1. \(f:\R^2 \rightarrow \R,f(x,y)=x-2y\)​

2. \(tr:M_{n\times n}\left(\mathbb{C}\right)\rightarrow\mathbb{C},A\mapsto tr\left(A\right)\)​

3. \(\pi_{i}:\mathbb{F}^{n}\rightarrow\mathbb{F},\left(x_1,x_2,\ldots,x_{n}\right)\mapsto x_{i}\)​

4. \(ev:\mathbb{R}_{n}[x]\rightarrow\mathbb{R},p\left(x\right)\mapsto p\left(1\right)\)​

Dual basis

Given \(v_1,...,v_n\) a basis of \(V\), the dual basis of it is \(\varphi_1,\ldots,\varphi_{n}\), \(\varphi_{i}\in V^{*}\) defined by \(\varphi_{i}\left(v_{j}\right)=\delta_{ij}=\begin{cases}1,i=j\\ 0,i\neq j\end{cases}\)

That is \(\varphi_{i}\) is a part(basis) of linear functional (\(\varphi:V\rightarrow F\))

We don't know what exact the \(\varphi_i\) is, but we have the property to know how this basis act on the basis of \(V\)

And \(\varphi=\sum_{j=1}^{n}a_{j}\varphi_{i}\in V^{*}\)

Lemma

The dual basis \(\varphi_1,...,\varphi_n\) of \(v_1,...,v_n\) is a basis of \(V^*\)

Proof

Since the length of dual basis is \(n\) same with the basis of \(V^*\), then we only need to prove dual basis is linearly independent.
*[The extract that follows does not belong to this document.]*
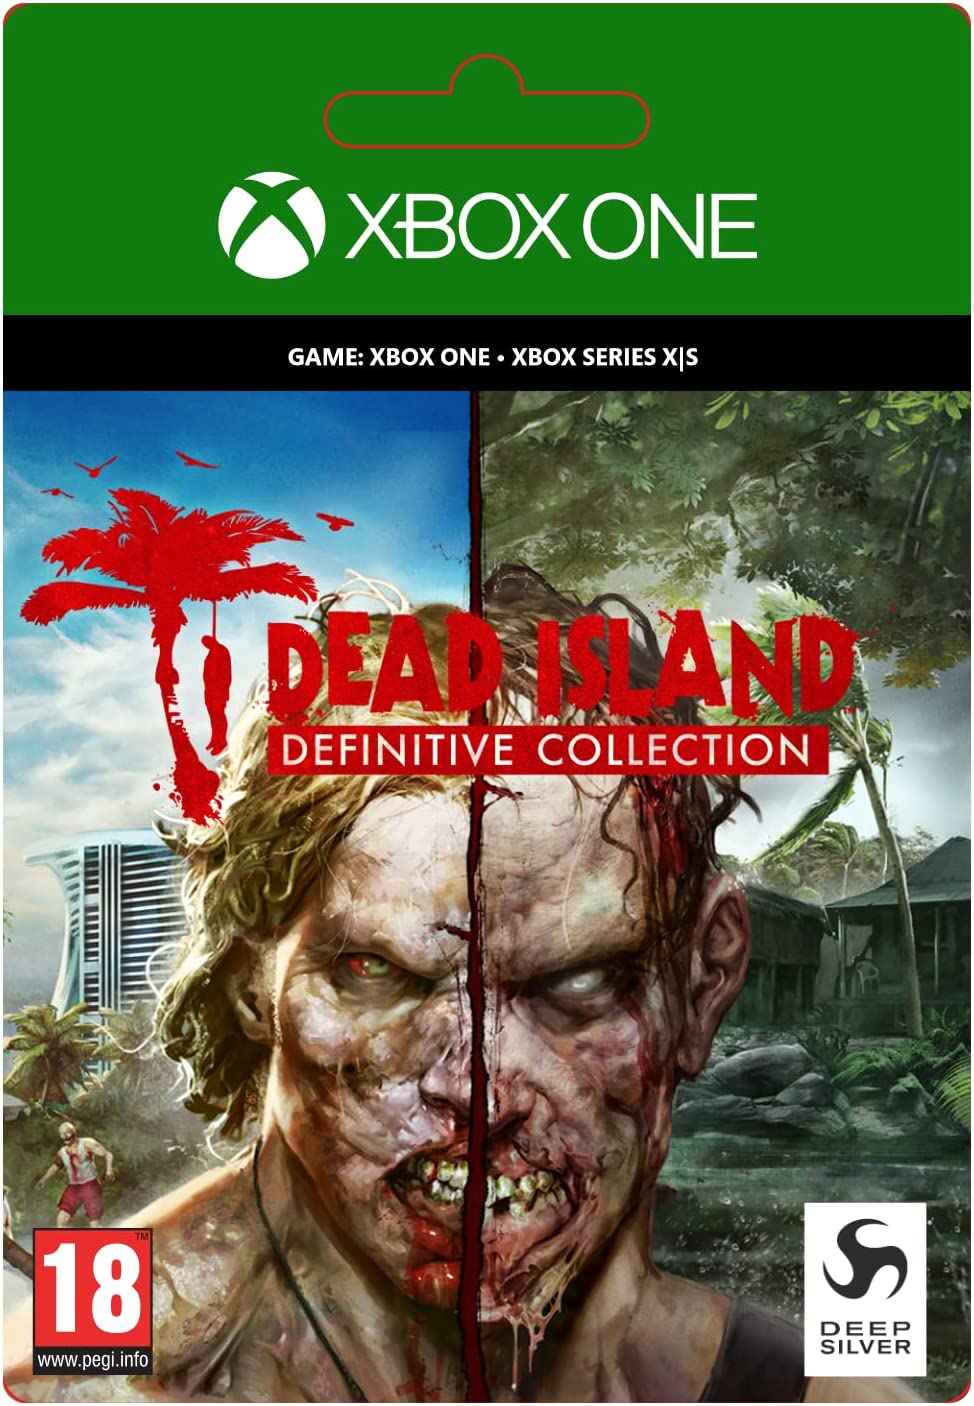 Dead Island Riptide Definitive Edition EU XBOX One CD Key

Consider \(\lambda_1\varphi_1+\cdots+\lambda_{n}\varphi_{n}=0\) and \(v=a_1v_1+\cdots+a_{n}v_{n}\)

Then we evaluate \(\left(\lambda_1\varphi_1+\cdots+\lambda_{n}\varphi_{n}\right)\left(v_{i}\right)=0=\lambda_{i}\), then we have \(\lambda_1=...=\lambda_n=0\)​

Hence \(\varphi_1,...,\varphi_n\) is linearly independent

Example

1. \(f:\mathbb{R}^3\rightarrow\mathbb{R},\left(x,y,z\right)\mapsto x+y+z\). If \(\varphi_1,\varphi_2,\varphi_3\) is the dual basis of \(e_1,e_2,e_3\), then how \(\varphi_1,\varphi_2,\varphi_3\) compose \(f\)?

   \(f=a\varphi_1+b\varphi_2+c\varphi_3\), note: we have the property to evaluate, then \(f\left(x,y,z\right)=a\varphi_1\left(x,y,z\right)+b\varphi_2\left(x,y,z\right)+c\varphi_3\left(x,y,z\right)\)
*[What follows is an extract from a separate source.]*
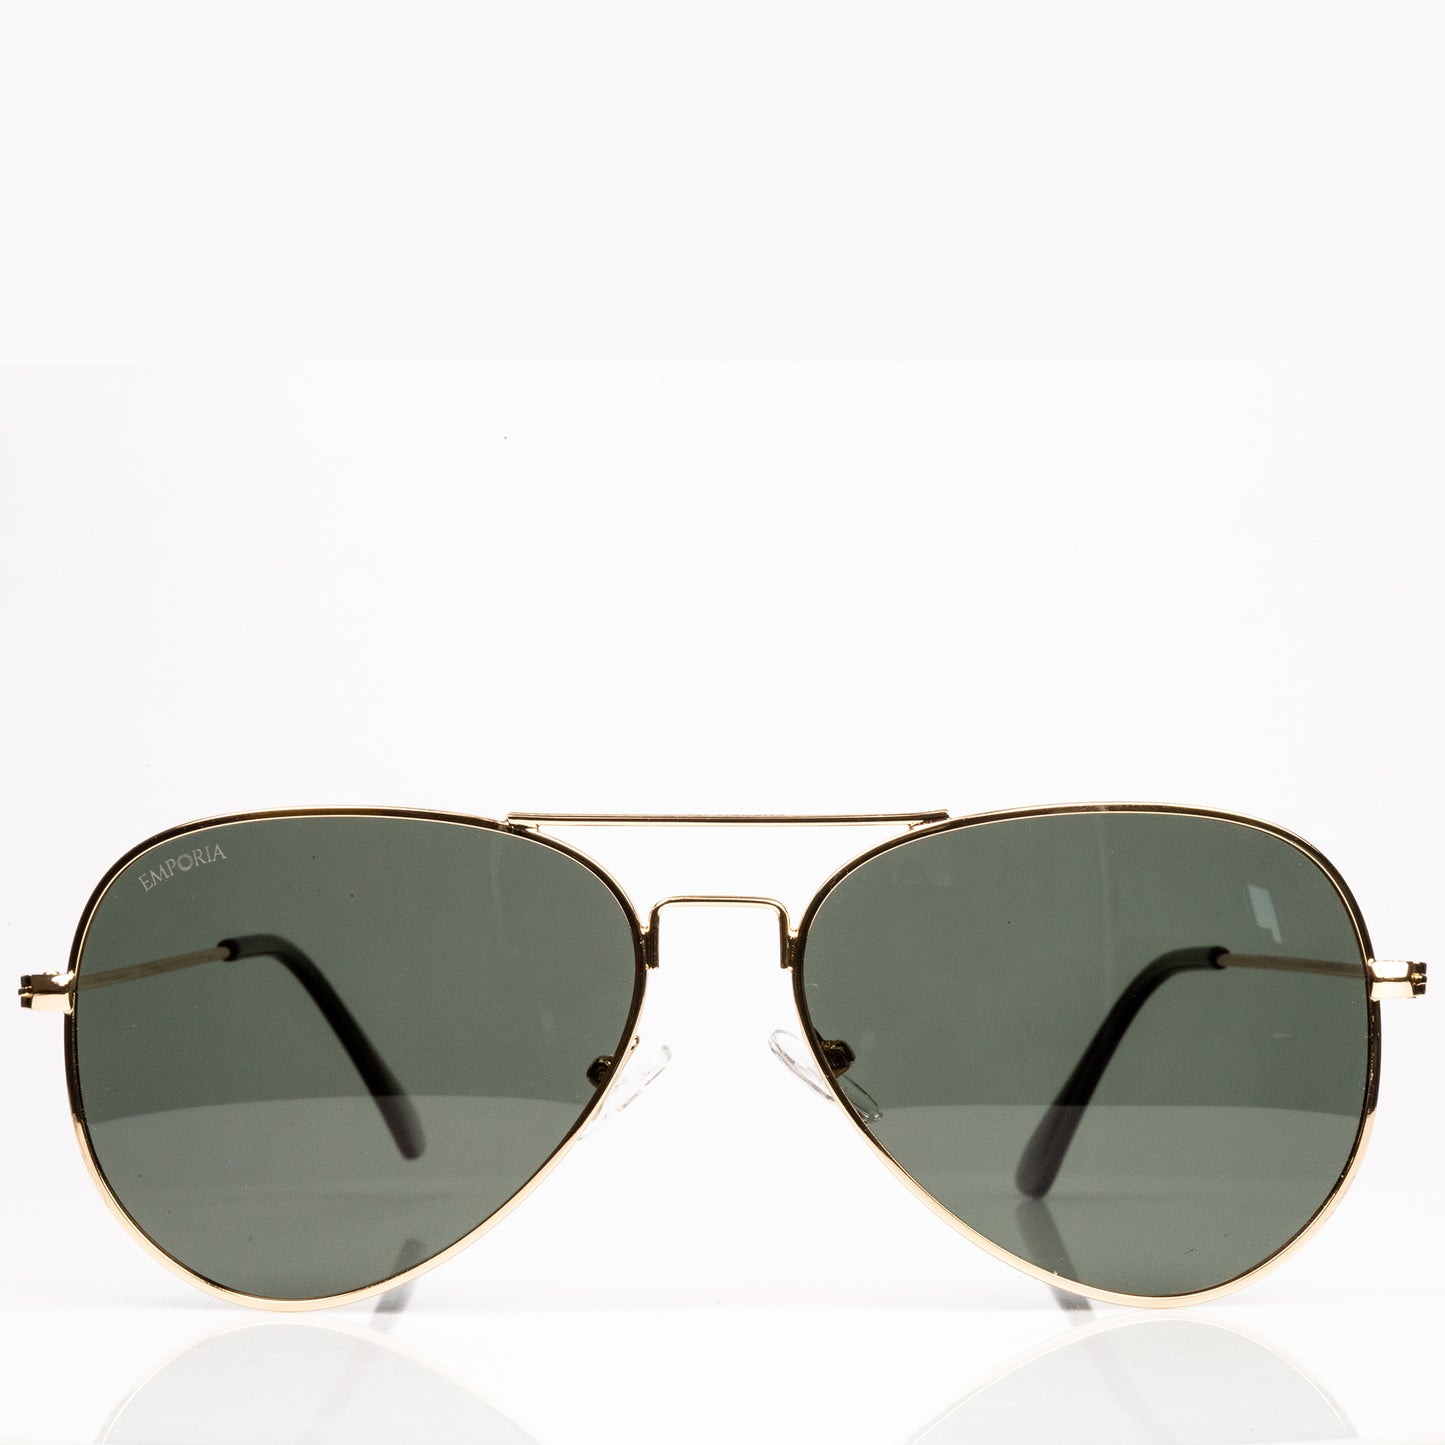 Emporia Itália - Óculos de sol Aviator "ORIGINAL", óculos de sol com filtro UV polarizados com estojo rígido e pano de limpeza, lente clássica verde escuro, armação dourada

   \(=a\varphi_1\left(xe_1+ye_2+ze_3\right)+b\varphi_1\left(xe_1+ye_2+ze_3\right)+c\varphi_1\left(xe_1+ye_2+ze_3\right)=ax+by+cz\)​

   Also \(f(x,y,z)=x+y+z\) by defined, then \(f=\varphi_1+\varphi_2+\varphi_3\)
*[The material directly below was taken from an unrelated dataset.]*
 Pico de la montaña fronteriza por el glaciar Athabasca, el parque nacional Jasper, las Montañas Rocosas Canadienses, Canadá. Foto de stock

   Consider the following basis of \(\R^3\): \((1,1,1),(1,1,0),(1,0,0)\) and \(\psi_1,\psi_2,\psi_3\) its dual basis \(f=3\psi_1+2\psi_2+\psi_3\)​

   \(f(1,0,0)=\left(3\psi_1+2\psi_2+\psi_3\right)\left(1,0,0\right)=3\psi_1\left(1,0,0\right)+2\psi_2\left(1,0,0\right)+\psi_3\left(1,0,0\right)=0+0+1=1\)​

   \(f(0,1,0)=3\psi_1\left(0,1,0\right)+2\psi_2\left(0,1,0\right)+\psi_3\left(0,1,0\right)\) since \((0,1,0)=(1,1,0)-(1,0,0)\)​

   Then \(=3\cdot 0+2\cdot 1+(-1)=1\)​

Dual map

Given \(T\in L(V,W)\), the dual map of \(T\) is \(T^*\in L(W^*,V^*)\) defined by \(T^*(\varphi)=\varphi\circ T\) \([T^{*}(\varphi)\left(v\right)=\left(\varphi\circ T\right)\left(v\right)=\varphi\left(T\left(v\right)\right)]\)​

\(\varphi\in W^{*},\varphi:W\rightarrow\mathbb{F},\varphi\circ T:V\rightarrow W\rightarrow\mathbb{F},\varphi\circ T\in V^{*}\)​

Check: \(T^*\) is linear

\(T^{*}\left(\varphi+\lambda\psi\right)=\left(\varphi+\lambda\psi\right)\circ T=\varphi\circ T+\lambda\psi\circ T=T^{*}\left(\varphi\right)+\lambda T^{*}\left(\psi\right)\)

‍

Properties of the map \(-^*:T\rightarrow T^*\) \((L(V,W)\xrightarrow{-^*}L(W^{*},V^{*}))\)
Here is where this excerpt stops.